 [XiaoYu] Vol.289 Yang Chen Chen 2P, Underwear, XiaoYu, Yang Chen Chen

++++++++++++++++++++

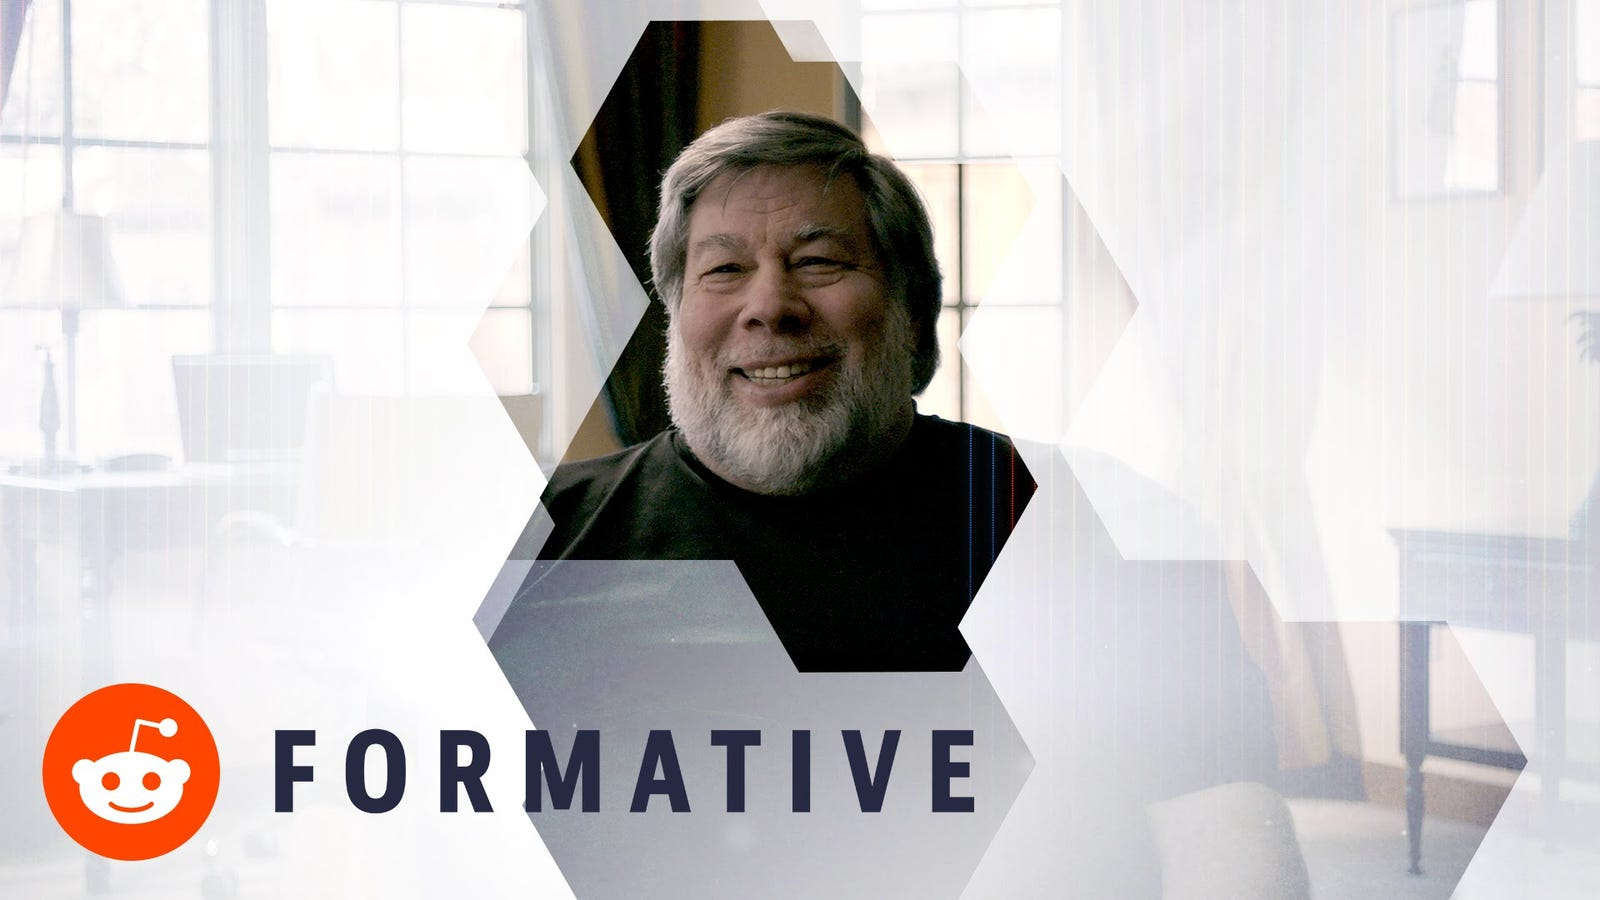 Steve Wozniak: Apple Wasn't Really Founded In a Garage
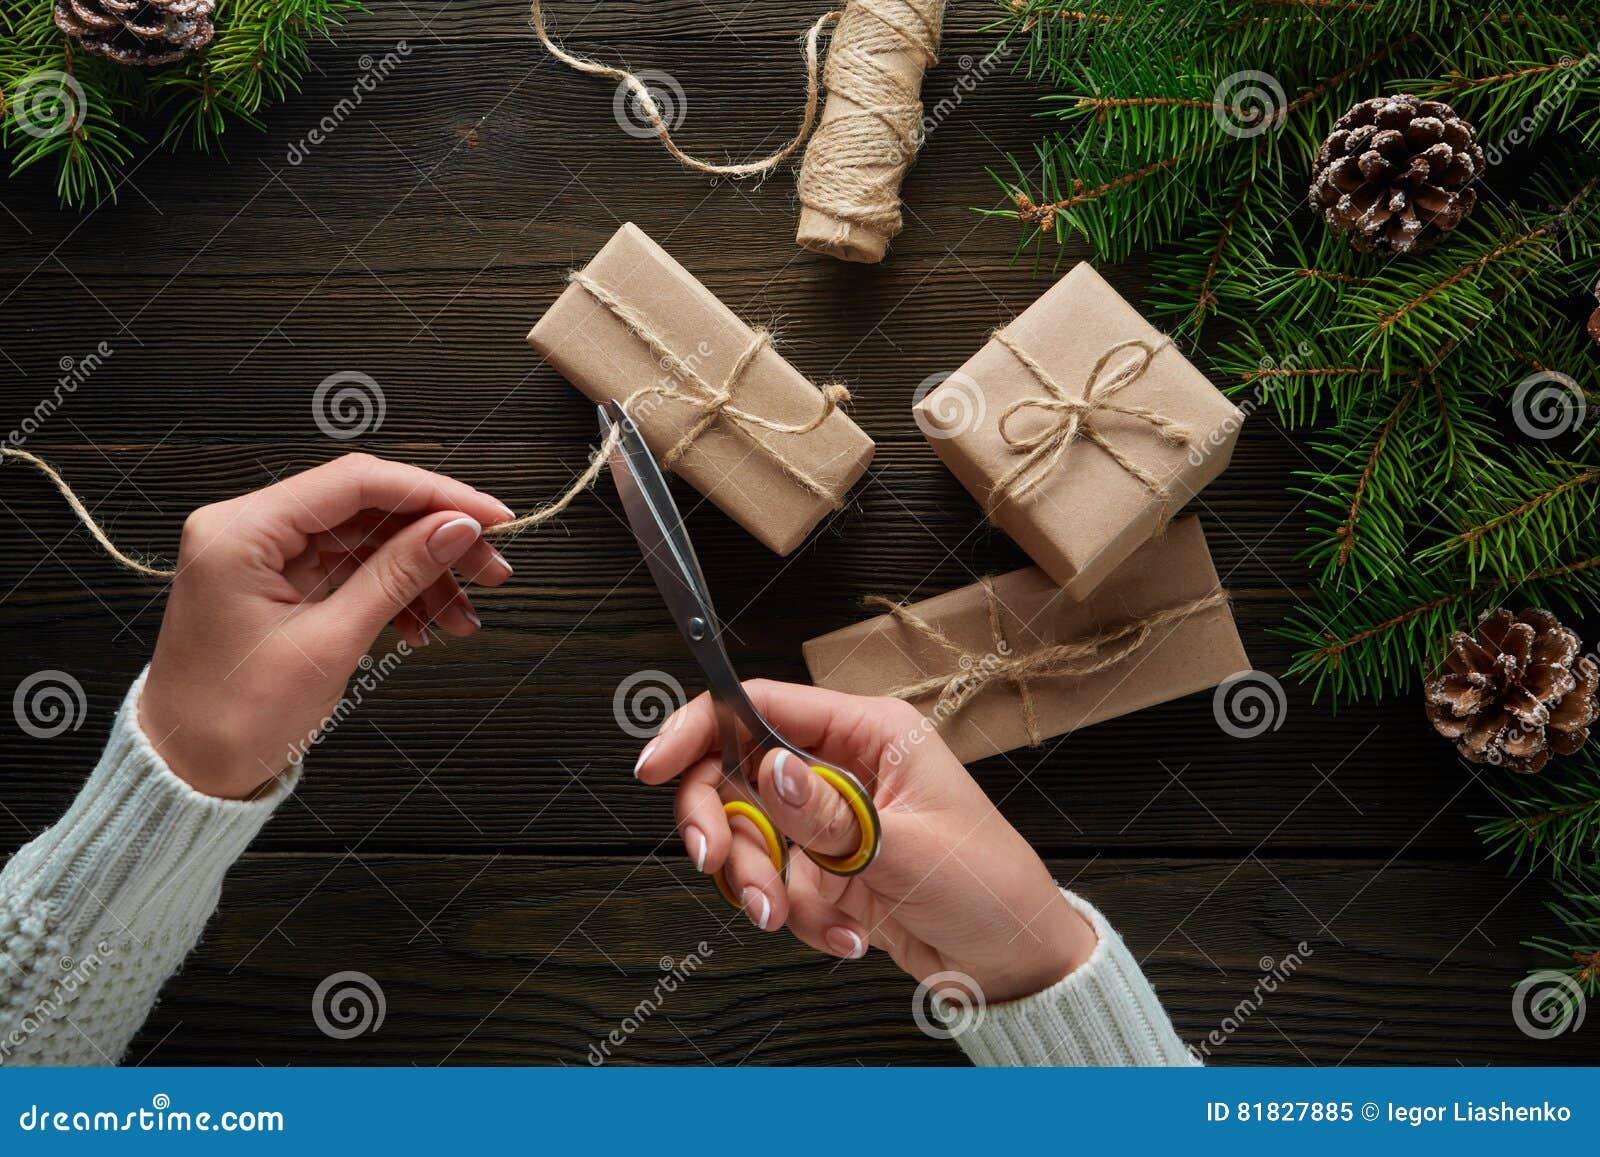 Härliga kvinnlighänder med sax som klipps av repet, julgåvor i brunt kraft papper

++++++++++++++++++++

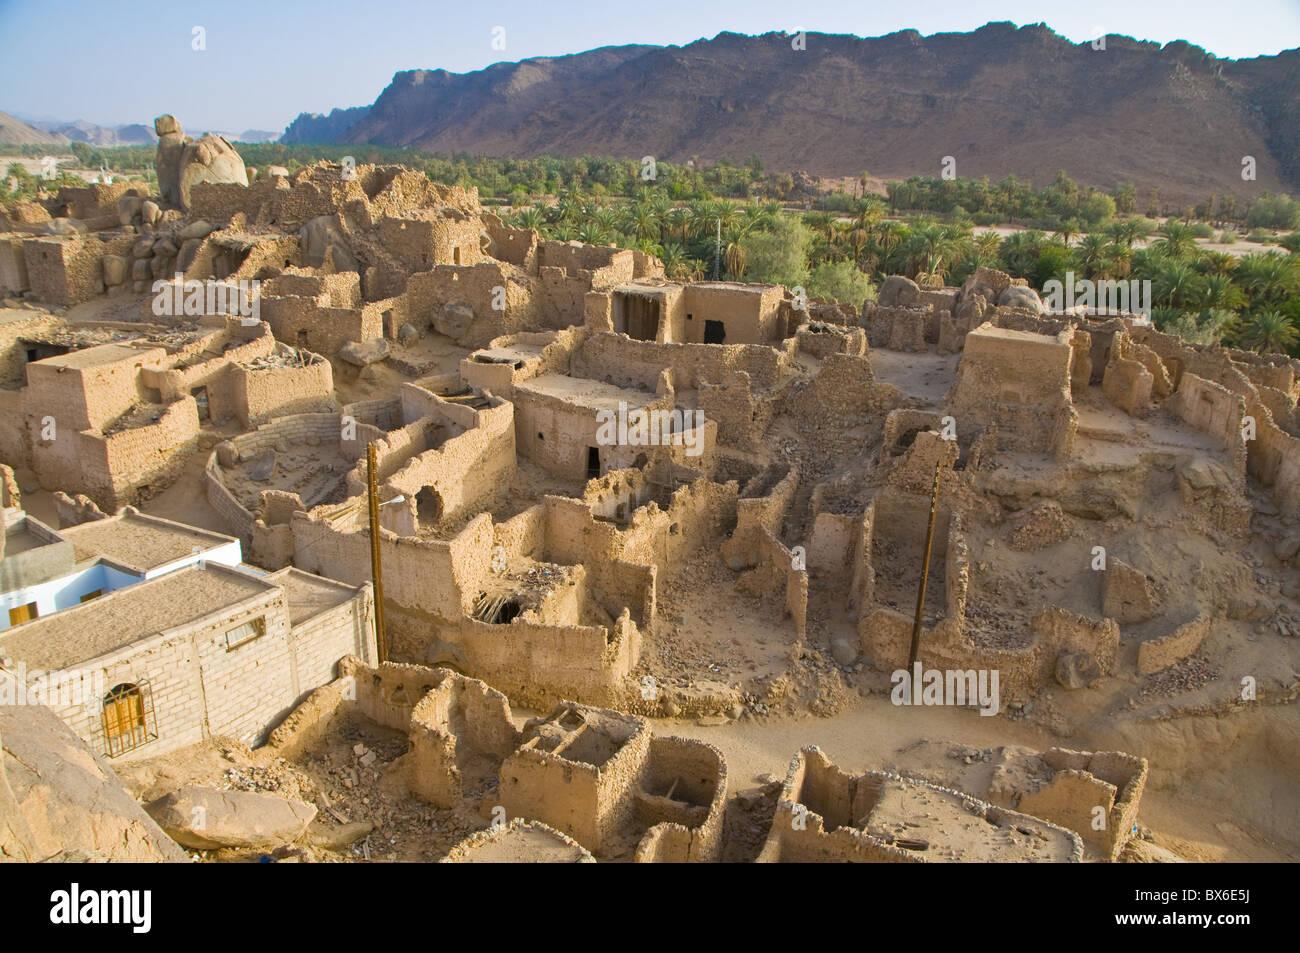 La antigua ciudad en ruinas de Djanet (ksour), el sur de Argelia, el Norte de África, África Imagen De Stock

++++++++++++++++++++

**THE TASK:**
"Steve Wozniak: Apple" marks the first line to copy, and "Härliga kvinnlighänder med" marks the last. Repeat that stretch above exactly, with no pictures.

**FINAL ANSWER:**
 Steve Wozniak: Apple Wasn't Really Founded In a Garage
 Härliga kvinnlighänder med sax som klipps av repet, julgåvor i brunt kraft papper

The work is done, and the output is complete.